NY Philharmonic leads way back to full pay for musicians

NY Philharmonic leads way back to full pay for musicians


norman lebrecht

June 14, 2022

The orchestra, which slashed base pay by 25 percent during the Covid pandemic, has decided to restore full pay for musicians from September, two years ahead og schedule.

The orchestra will then be opening in its refurbished hall (pictured), itself a year ahead of plan.

Could be the good times are coming back.

Press release below.

June 13, 2022


The New York Philharmonic has announced the restoration of the Orchestra musicians’ salaries and seniority and overscale payments to their pre-pandemic levels. When COVID-19 shuttered New York City venues in 2020, NY Phil musicians and management agreed to significant reductions in pay in order to allow the organization to withstand an unprecedented 18-month period of concert cancellations. Today’s announcement brings the minimum base salary back up to 100 percent of the 2019–20 season scale (i.e. $2,952.00 per week).

This restoration will be effective as of September 21, 2022, rather than with the conclusion of the current Collective Bargaining Agreement, on September 20, 2024. It was made possible by the Philharmonic’s improved financial position and its positive outlook for the coming seasons as it returns to a newly renovated David Geffen Hall in October.

“Our Orchestra has weathered these past few years with loyalty, dedication, and sacrifice, hoping that the return to our home at David Geffen Hall would be the light at the end of the tunnel,” said Philharmonic Board Co-Chairmen Peter W. May and Oscar L. Tang. “With that hope becoming a reality sooner than anticipated, we are delighted to be able to acknowledge the musicians’ commitment to this institution in this way.”

Deborah Borda, the Philharmonic’s Linda and Mitch Hart President & CEO, said: “As we prepare to move into the new David Geffen Hall, and as the New York Philharmonic continues its recovery, we are so pleased to be able to restore our musicians’ salaries and overscale to 100 percent.
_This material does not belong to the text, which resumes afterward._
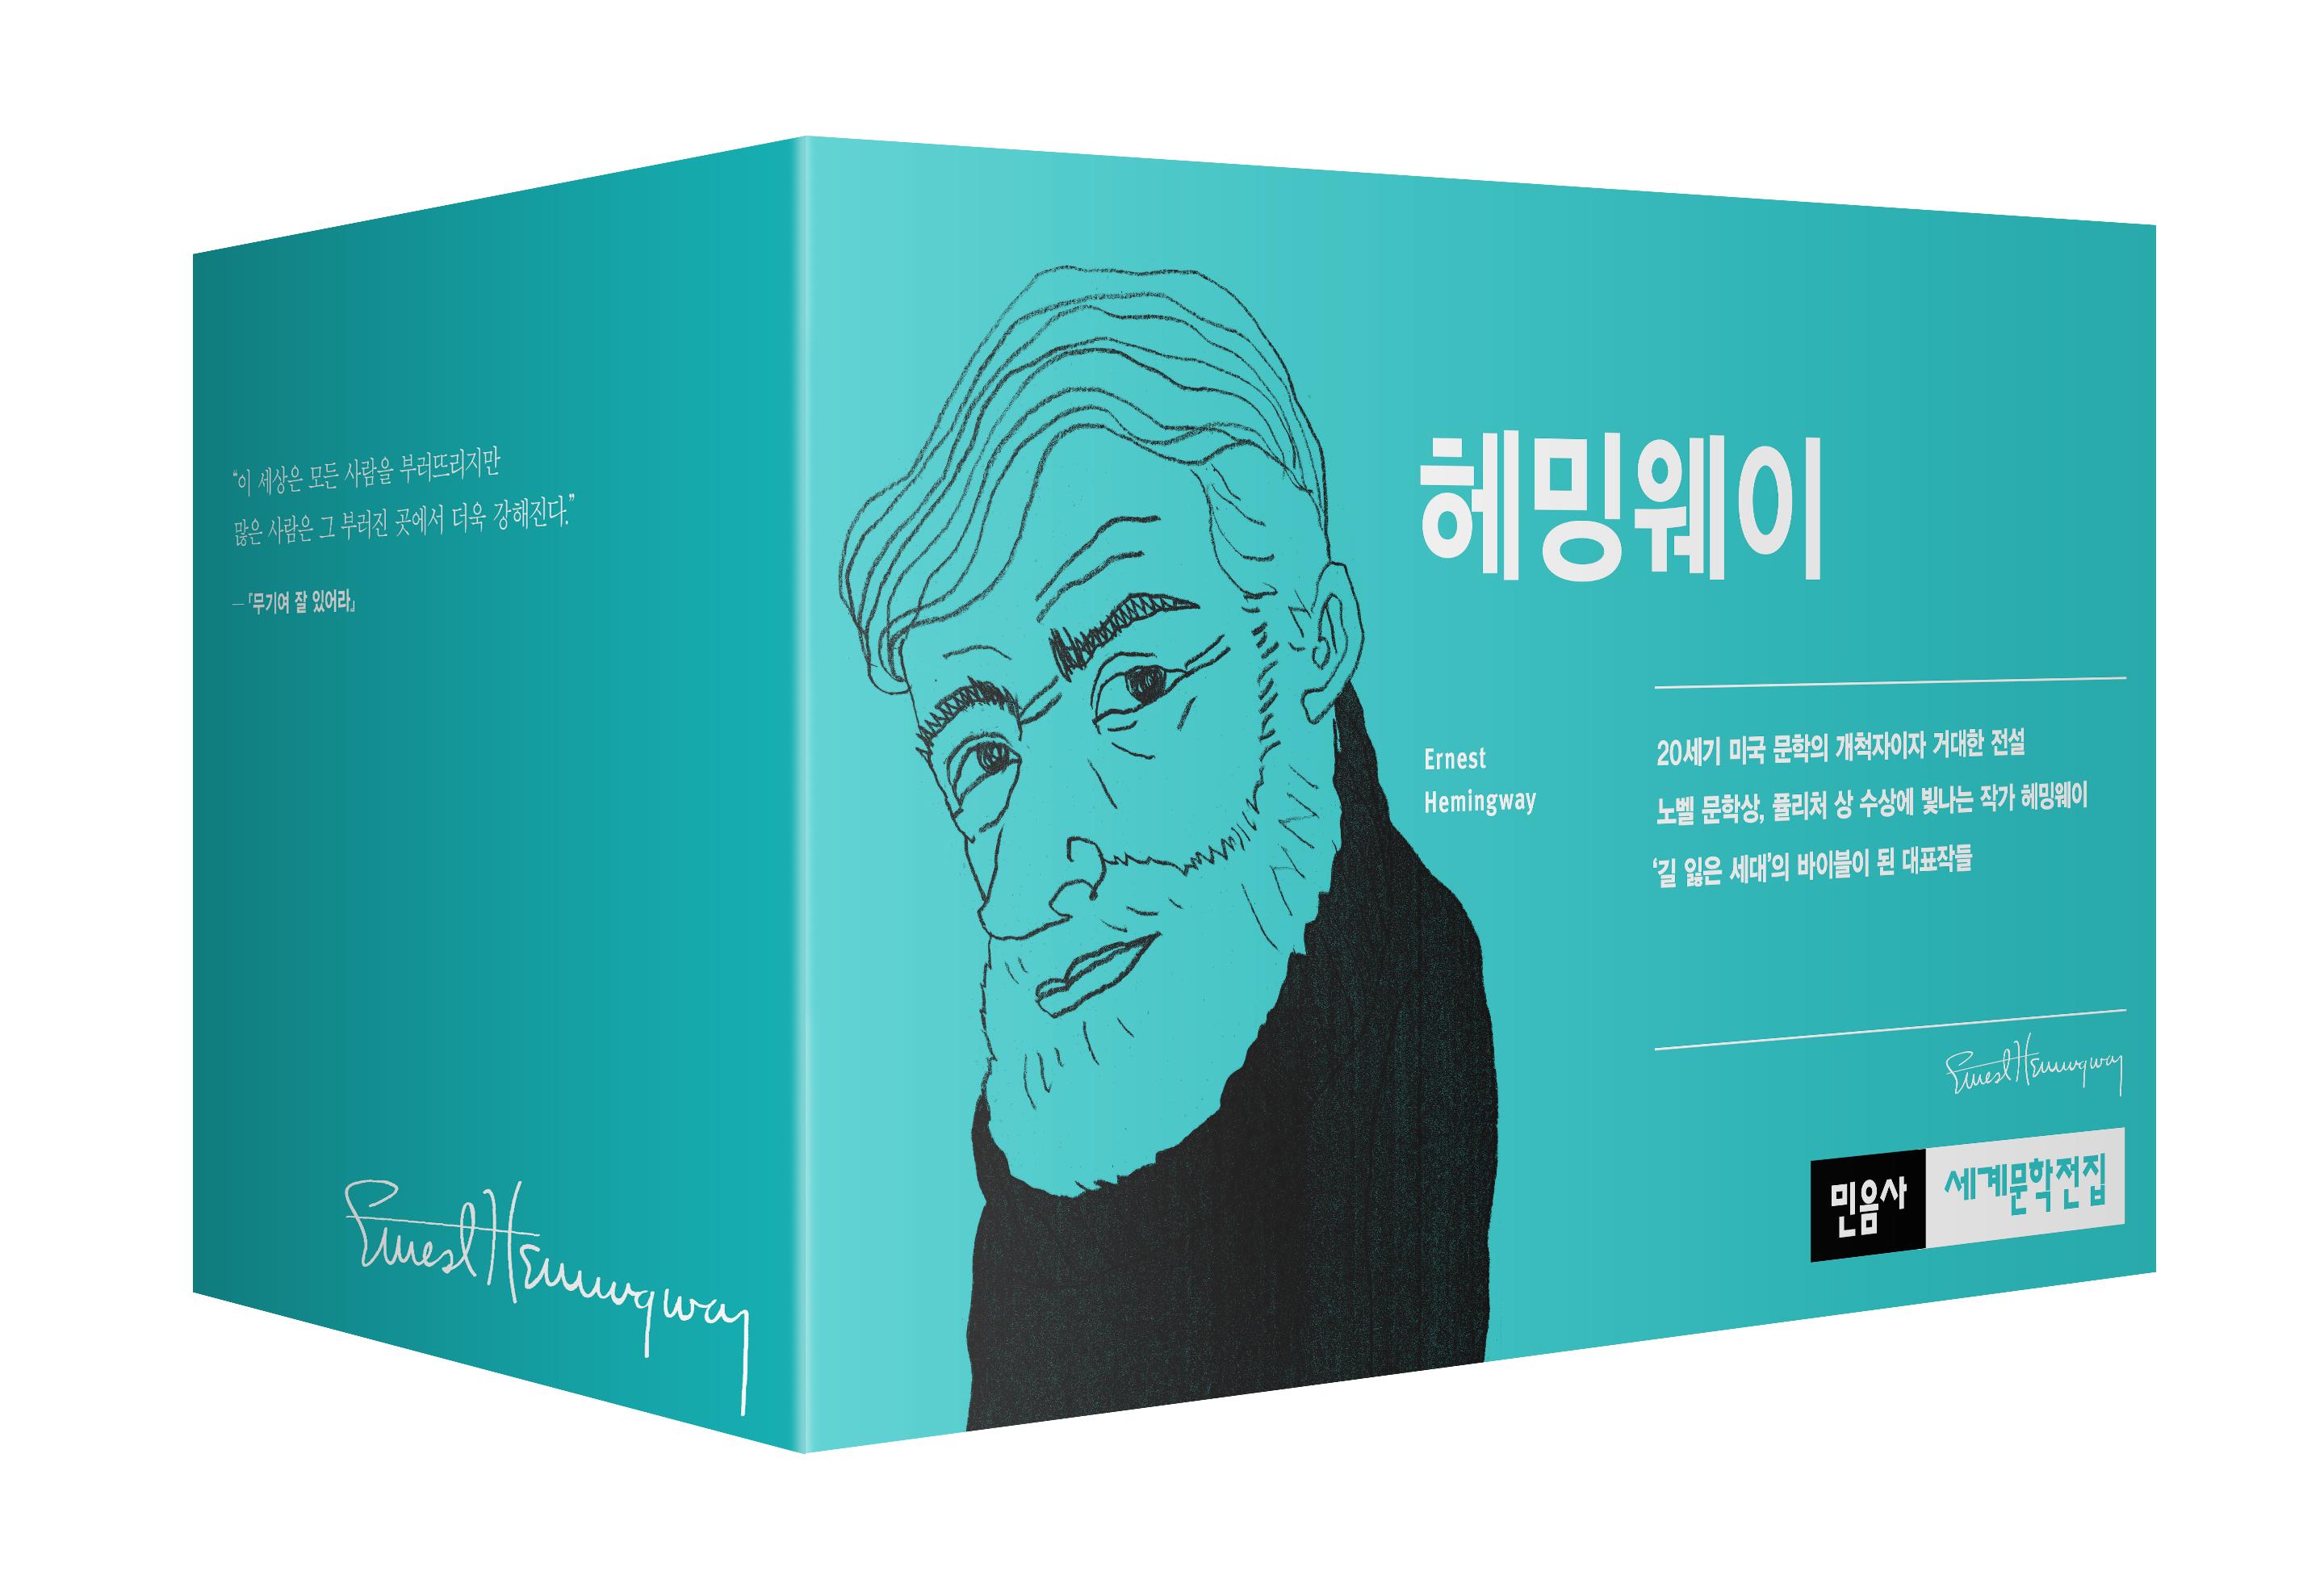 헤밍웨이 박스

We are grateful to our musicians for their partnership and collaboration as we worked together to navigate through a time of great uncertainty.”

Associate Principal Trombone Colin Williams, Chair of Orchestra Committee, said: “This is a momentous day for the New York Philharmonic. Not only will the musicians be made whole from the cuts of the last two years, but we can also look to the future with confident enthusiasm. Two years ago, the musicians of the Philharmonic made a significant sacrifice because of their determination to bring music and life to our community despite the challenges of COVID and being displaced from our hall. Our efforts, combined with the support of our steadfast Board and Staff, have laid the foundation for a new and brighter future. We musicians look ever forward to adding to the incredible tapestry that makes New York the most exciting place in the world.”

AFM Local 802 President Tino Gagliardi said: “We are thrilled that the New York Philharmonic has honored its obligation to restore full compensation to the Orchestra. The pandemic forced musicians to make extremely painful sacrifices, yet we never lost hope that live music would return. Now that our city is reopened and audiences have come back, we applaud the New York Philharmonic for supporting its musicians, who are the reason that New York City is the cultural capital of the world.”


  • bet says:

    A bit premature? Now that the stock market just fell into bear territory yesterday, historically a prelude to a global recession?

    There ain’t gonna be bagfuls of money coming from Wall Street to the Upper West Side for quite a while to come…

    And with the Philharmonic’s new emphasis on diversity, it ain’t the diversity crowd that’s going to be throwing Benjamins at the Philharmonic.

    • Mary says:

      Precisely because we’re headed into a recession that they should pay their employees their full salary now. As it is with the current inflation of 9%, it’s as though they were getting paid only 91% of their originally negotiated salary.

      (Btw, expect ticket prices to go up 10% at the start of the new season.)

    • John Kelly says:

      Thank you Debbie Downer….

    • A Pianist says:

      If you think Wall street is not going to just get richer from this recession you are a fool.

  • music lover says:


  • Peter says:

    Good times for who exactly?

  • Althea T-H says:

    If the well-paid NY Phil musicians and their union want to learn the meaning of the phrase ‘extremely painful sacrifice’, I suggest that they try life as a British freelancer – if they can hack it.

  • Wise Guy says:

    It’s about time. NY Phil Musicians were being taken advantage of under the excuse of Wuhan Virus state of emergency.